• BRIEF: Every line of the records below that has the word "shown" should be copied.

• RECORDS PROVIDED:

_____

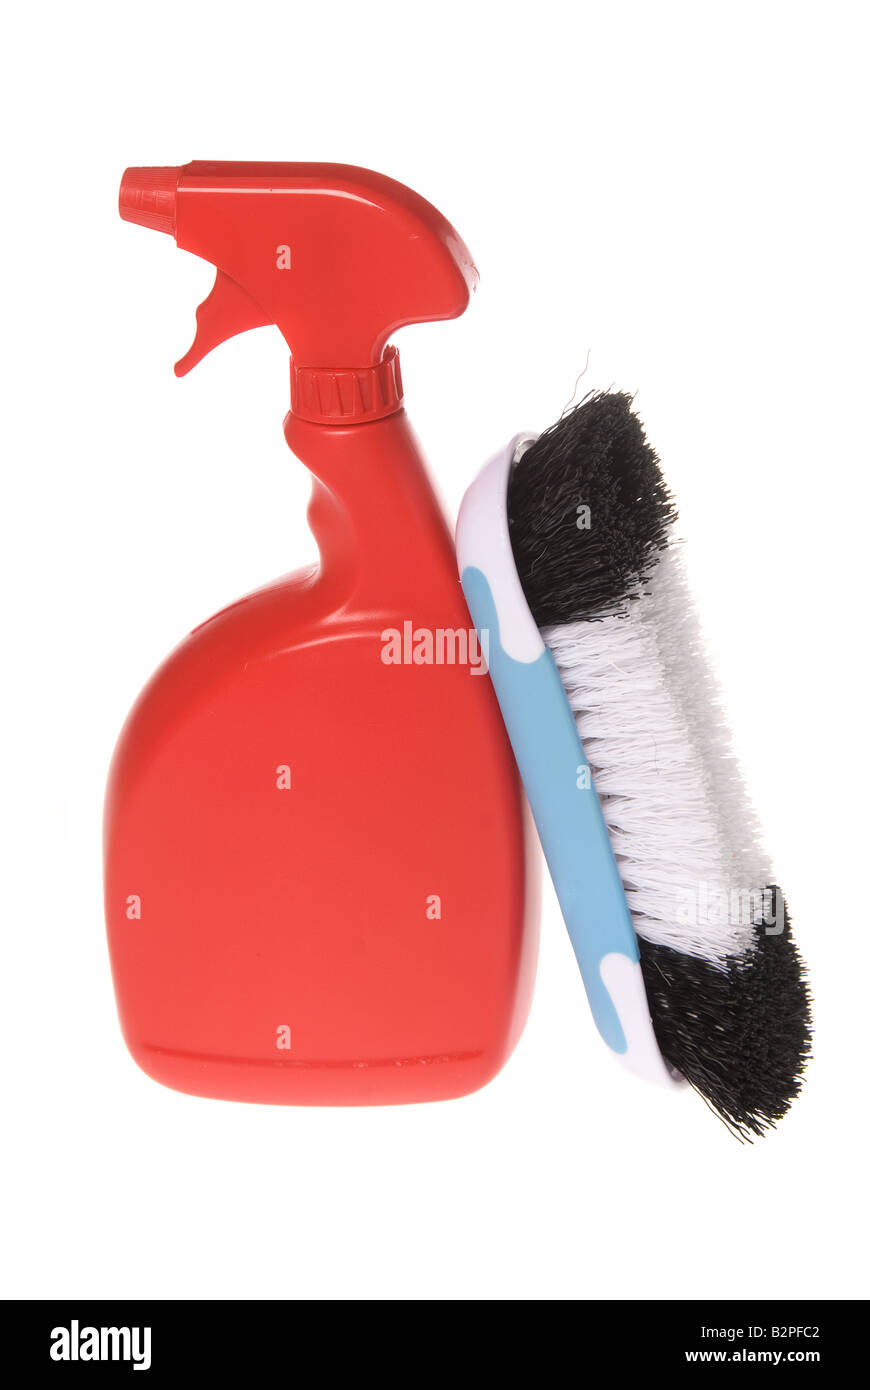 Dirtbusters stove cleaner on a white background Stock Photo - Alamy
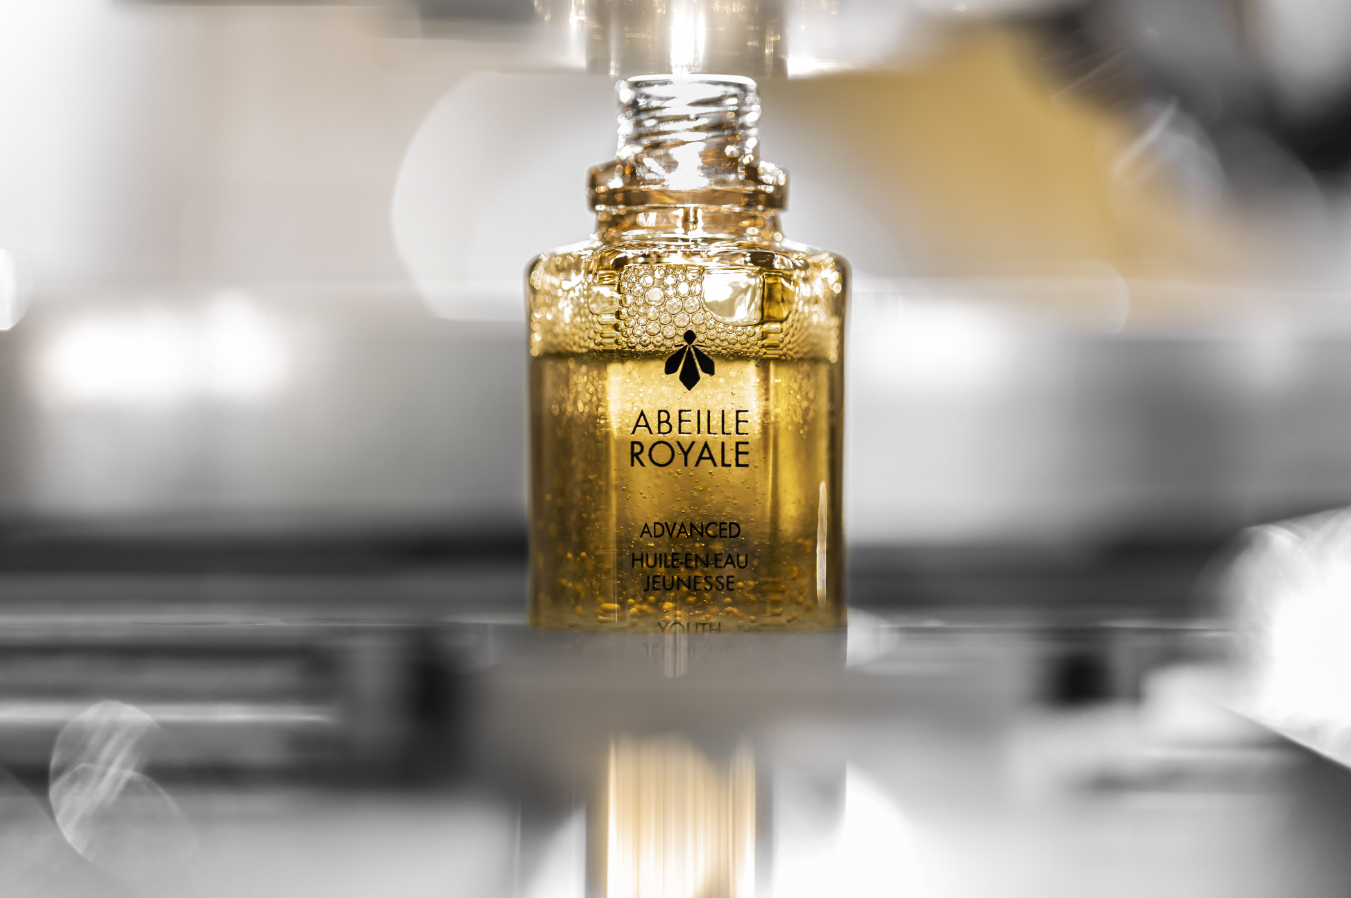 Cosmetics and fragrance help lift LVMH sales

_____

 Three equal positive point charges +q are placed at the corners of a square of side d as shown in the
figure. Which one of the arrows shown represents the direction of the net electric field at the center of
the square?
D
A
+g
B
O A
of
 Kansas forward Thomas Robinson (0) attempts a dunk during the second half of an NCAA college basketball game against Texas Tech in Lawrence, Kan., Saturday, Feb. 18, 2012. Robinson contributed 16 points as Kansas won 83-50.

_____

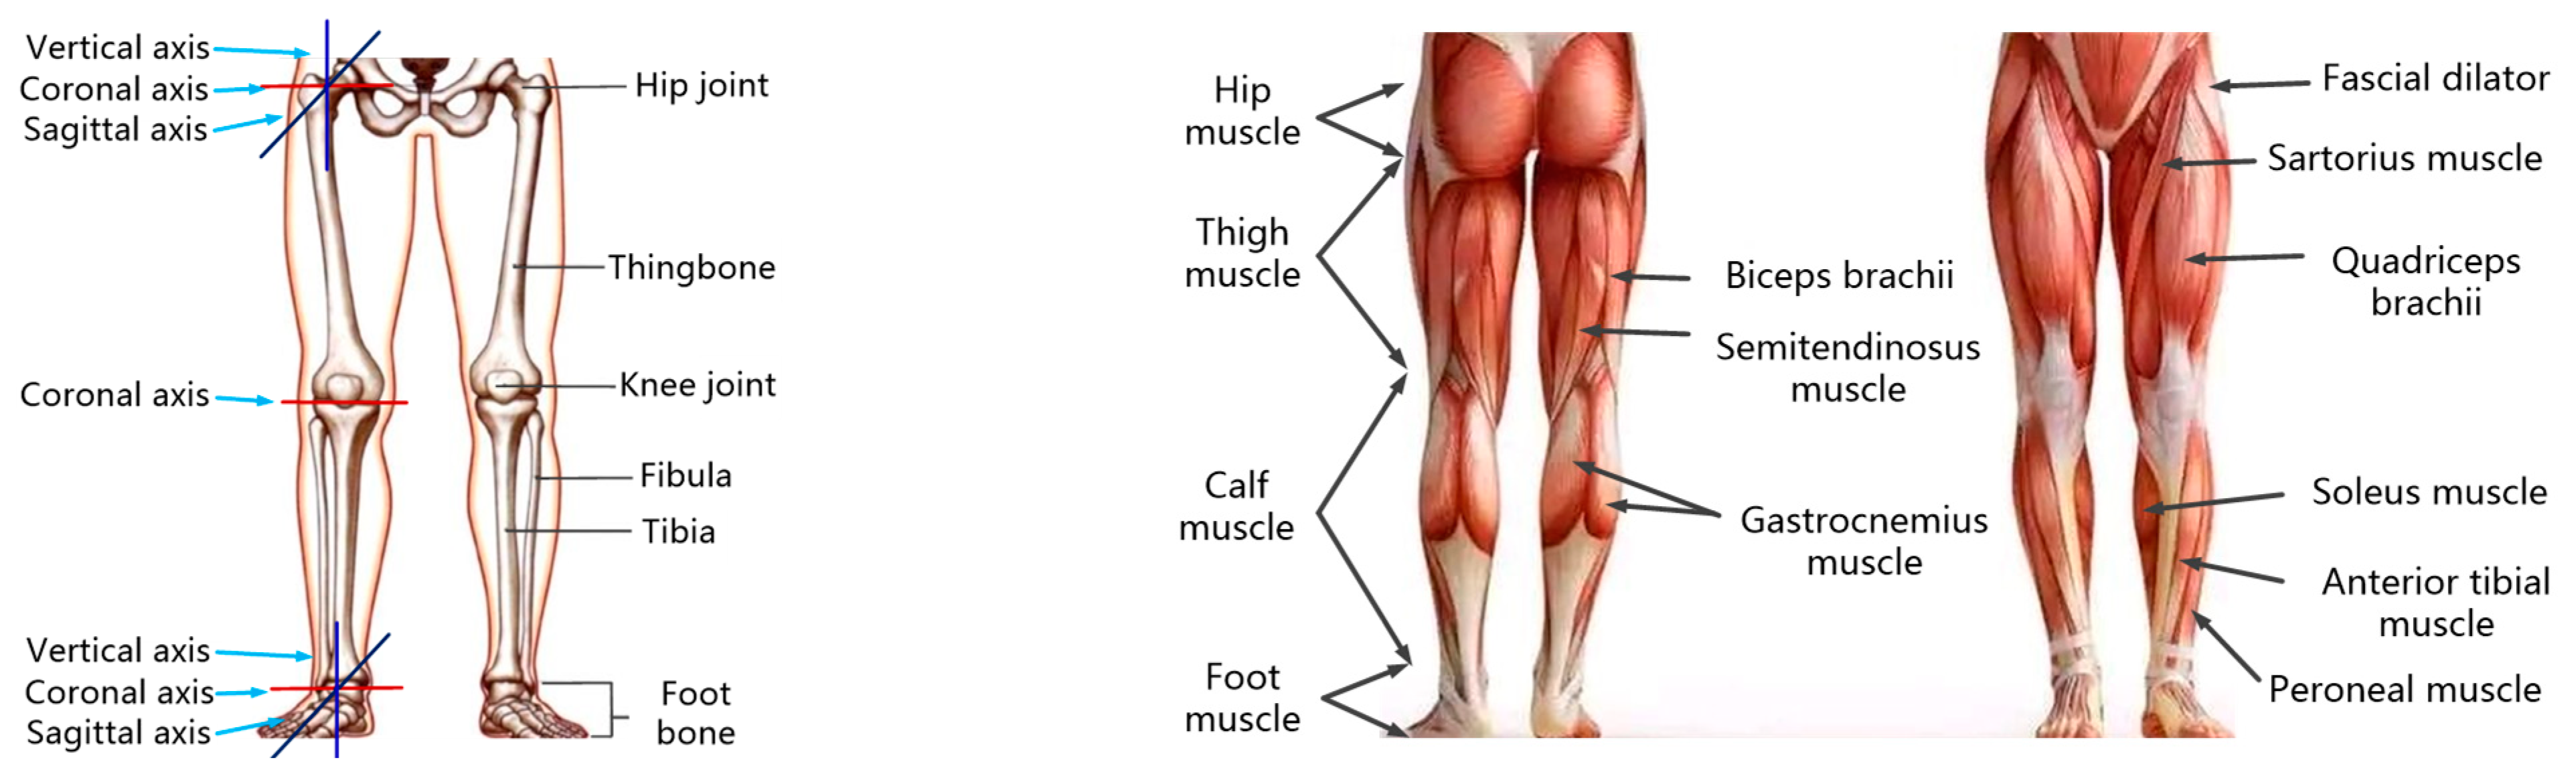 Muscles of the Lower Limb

_____

• ANSWER SECTION:
 Three equal positive point charges +q are placed at the corners of a square of side d as shown in the
figure. Which one of the arrows shown represents the direction of the net electric field at the center of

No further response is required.